I spoke w/ a rep from seachem she told me to bring my gh up to about 80 -100 with equilibrium. I told her about the ph problem she told me to get Neutral Regulator or Acid Buffer.

Can you use Equilibrium with Neutral Reg. or Acid Buffer.

In my water comes from a house water softner ( my entire house is ran by this softner filter) like I stated early my Gh is 45ppm. By having low Gh would that contribute to the the Ph shift.


----------



## Left C (Jun 14, 2005)

It's usually low KH that causes large fluctuations in the pH of the aquarium. GH practically has no influence on it. Be sure to use a carbonate buffer for KH like baking soda and Seachem's Alkaline Buffer.
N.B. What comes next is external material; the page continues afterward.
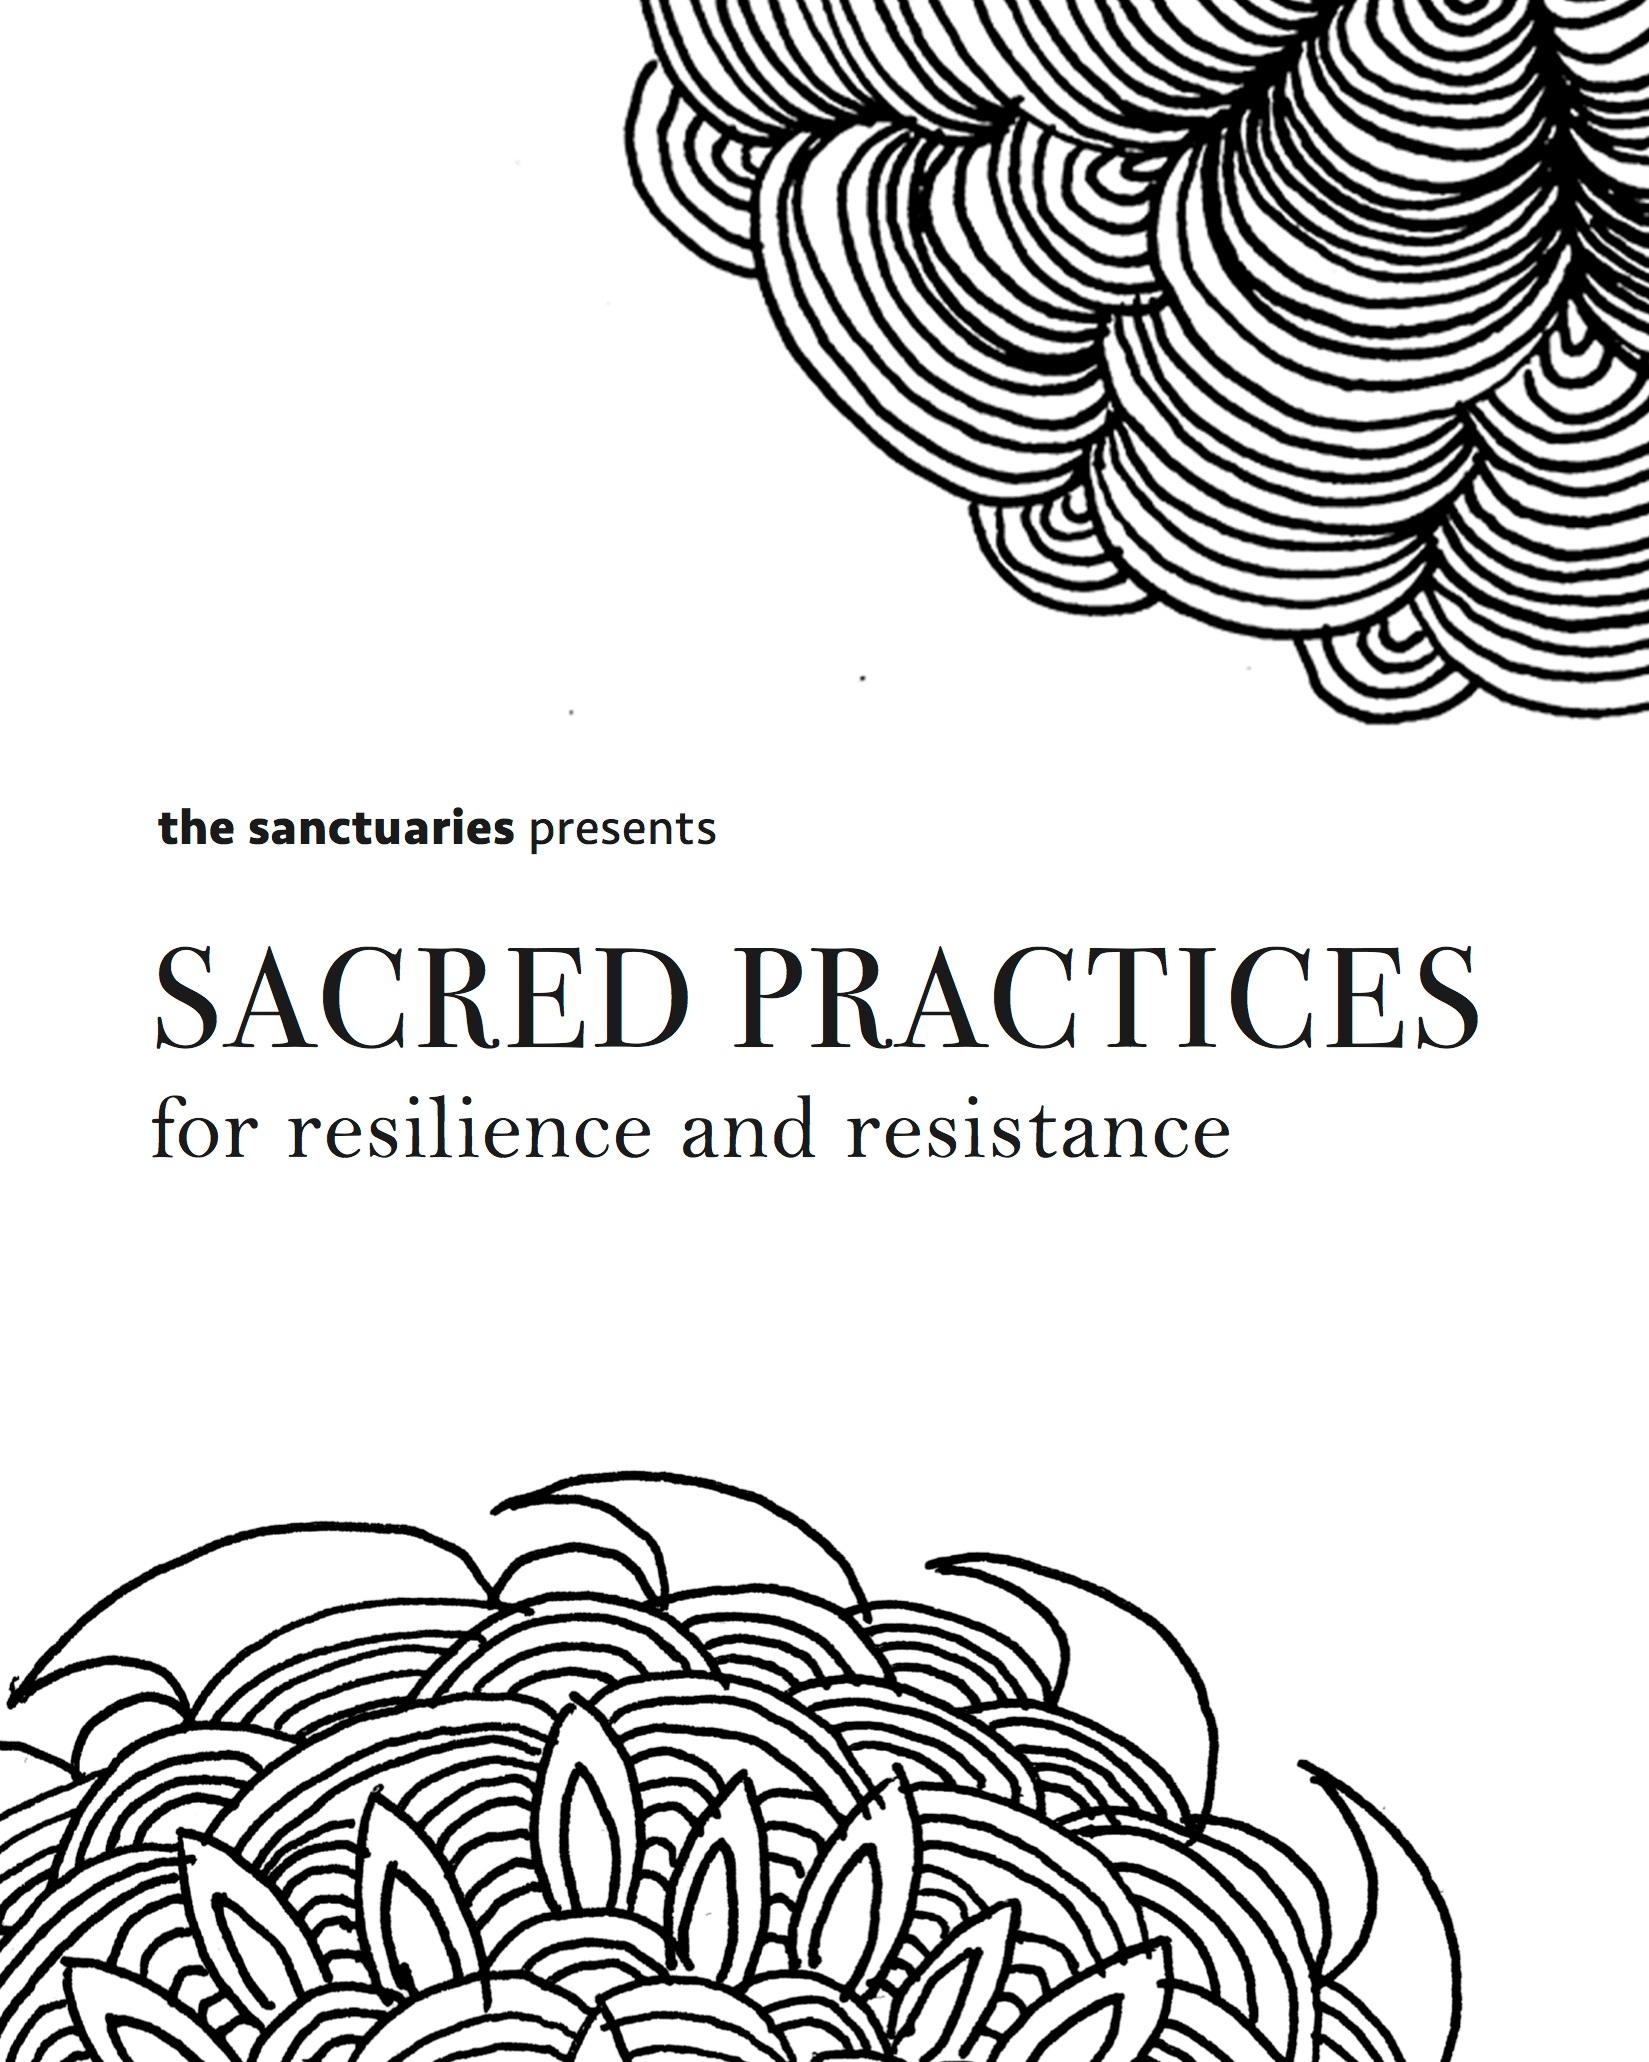 Sacred+Practices+-+Sanctuaries+DC+%281%29.jpg

Their Neutral Regulator is based on phosphate buffers that will skew your pH/KH/CO2 readings.


----------



## mycross3 (Mar 28, 2007)

Will the alkaline buffer raise up my already high ph.


----------



## furballi (Feb 2, 2007)

KH of 80 should not result in such a wild pH swing. Suspect there's a problem with how you measure the pH. Recheck using dip-in pH strip or equivalent.


----------



## mycross3 (Mar 28, 2007)

I think your right I just checked it again

Night lights off
Kh 6 dkh
Gh 1 dkh
Ph 7.4

Noon
Kh 6 dkh
Gh 1-2 dkh
Ph 7.2

Sink (water softner)
Kh 4 dkh
Gh 2
Ph 7.2

Thanks for the help all, I must have put to many drops to come up with 8.8 ph Thank God.
Do these parameters sound ok for planted discus tank?


----------



## furballi (Feb 2, 2007)

I don't see any issue with that water and discus. I've raised them in 8.2 pH, 10 KH water. No problemo.


----------